Program rehabilitasi setelah perawatan juga dinilai penting agar ODGJ tidak hanya mendapatkan pengobatan, tetapi juga dapat kembali berdaya dan beraktivitas di tengah masyarakat.

Sementara itu, Kepala Dinas Kesehatan Kabupaten Banjar H Noripansyah mengatakan rapat kerja TPKJM merupakan agenda tahunan untuk menyatukan berbagai unsur dalam penanganan kesehatan jiwa.

Tim tersebut melibatkan unsur Forkopimda, Dinas Sosial, Bapperida, Kementerian Agama, TNI, Polri, Satpol PP dan Damkar.

Menurut Noripansyah, semakin solidnya koordinasi lintas sektor diharapkan mampu meningkatkan skrining sekaligus memperluas cakupan pelayanan kesehatan jiwa.

Berdasarkan data terakhir Dinas Kesehatan Kabupaten Banjar, tercatat 1.153 orang mengalami gangguan kejiwaan.

Namun, jumlah tersebut belum tentu menggambarkan kondisi sebenarnya. Masih terdapat kemungkinan kasus yang belum terdeteksi atau belum dilaporkan, termasuk warga yang masih mengalami pemasungan.

“Masih ada beberapa yang dipasung. Mudah-mudahan bisa kita tindak lanjuti lebih baik lagi. Dengan tim ini kita bisa meningkatkan cakupan.

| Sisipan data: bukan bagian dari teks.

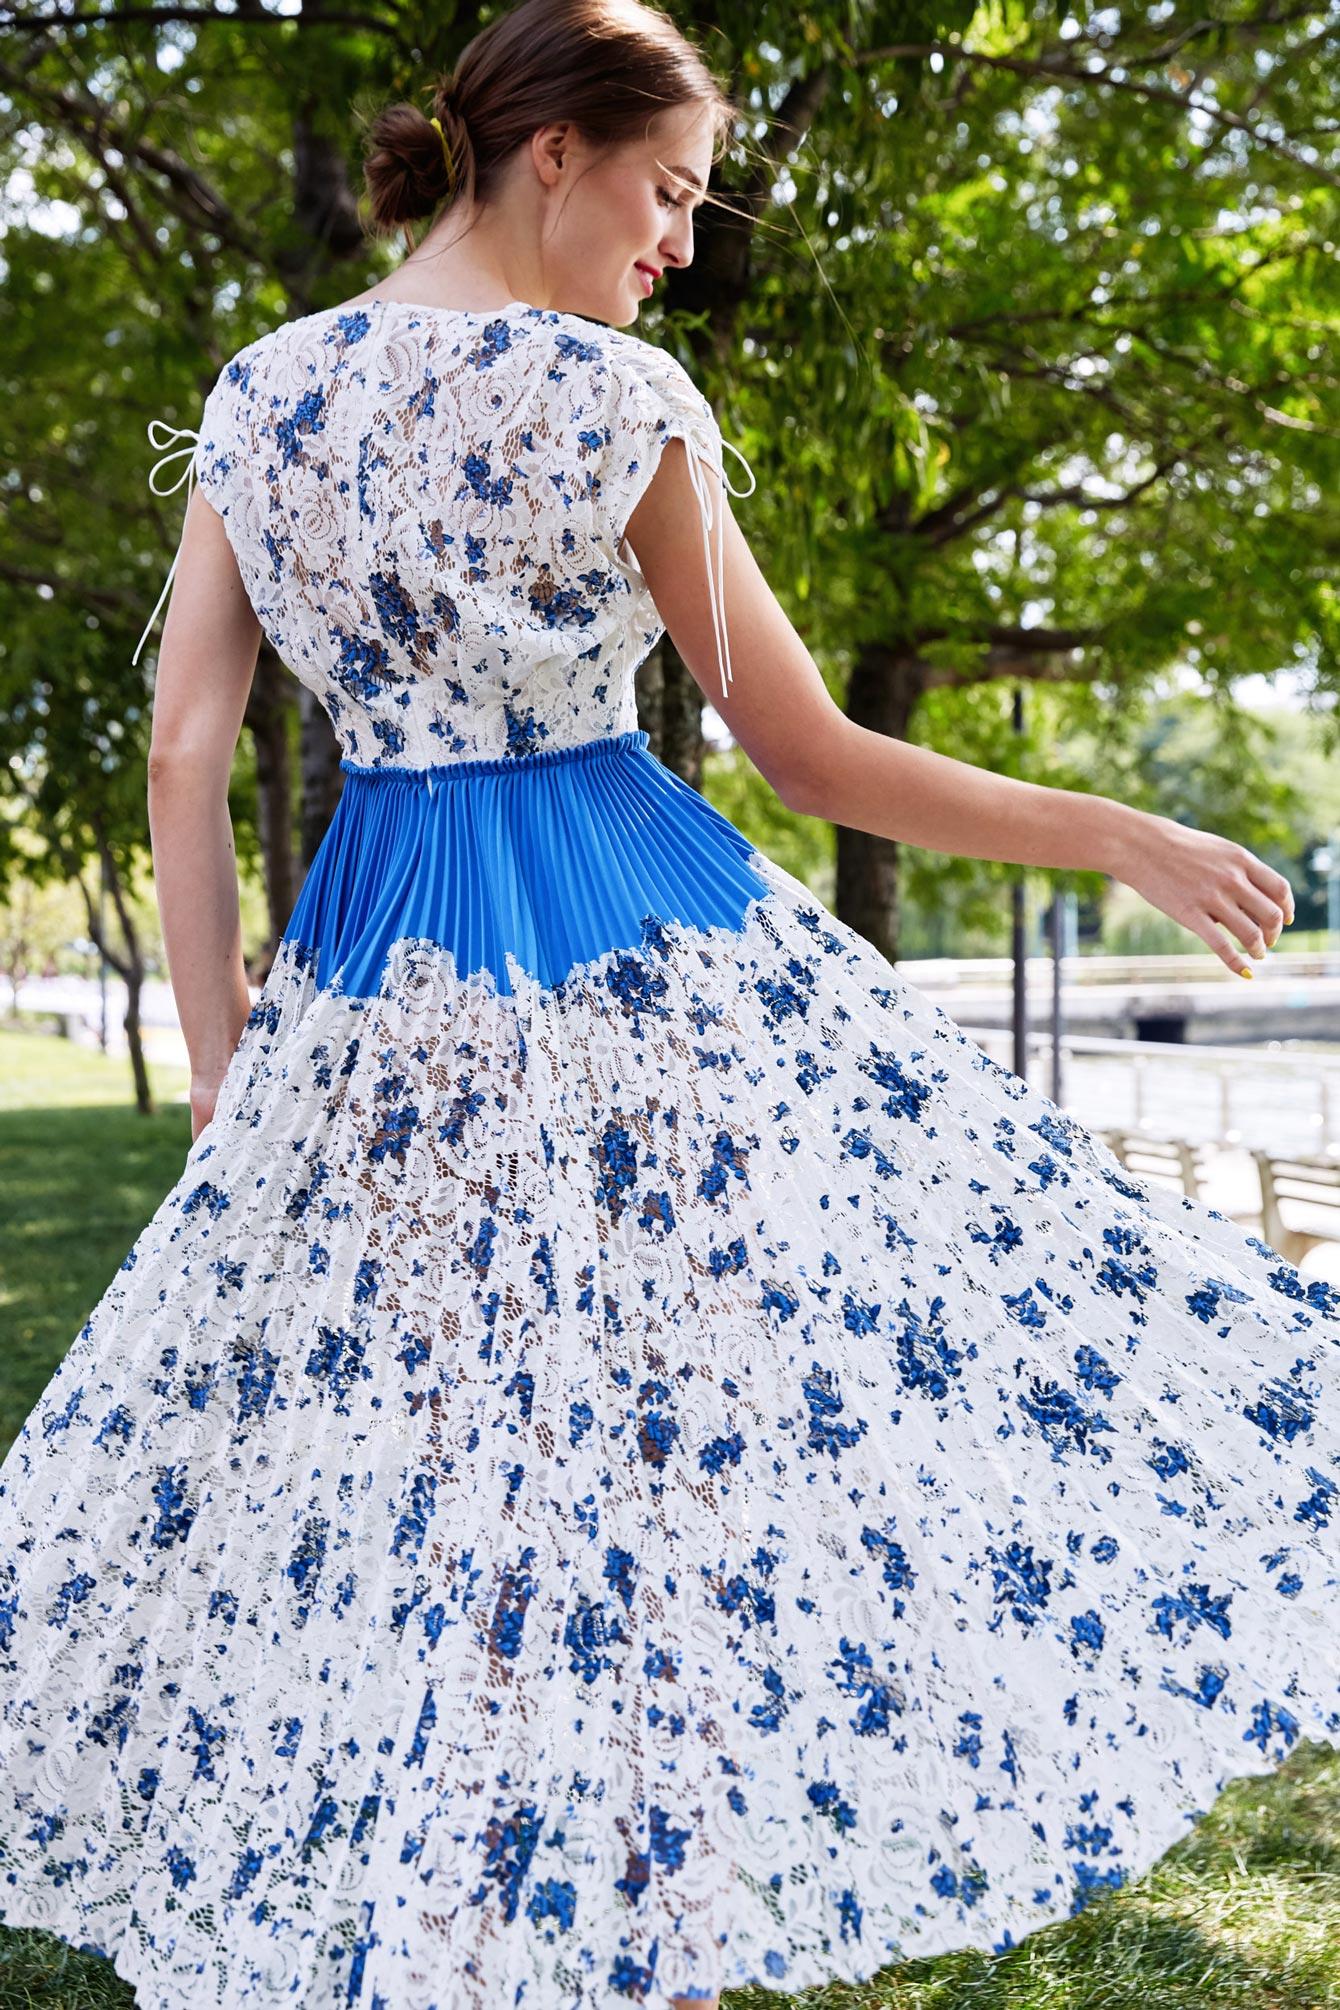 Lela Rose Floral Lace Fit Flare Dress

Bukan berarti naiknya angka itu tidak bagus, artinya kita bisa bersinergi lebih baik lagi agar pelayanan kesehatan jiwa di Kabupaten Banjar semakin baik,” pungkasnya.

Pemkab Banjar berharap penguatan TPKJM dapat membuat penanganan kesehatan jiwa semakin terintegrasi, sekaligus mengubah cara pandang masyarakat agar ODGJ tidak lagi dikucilkan, melainkan mendapatkan pengobatan, pendampingan dan kesempatan untuk kembali beraktivitas secara layak.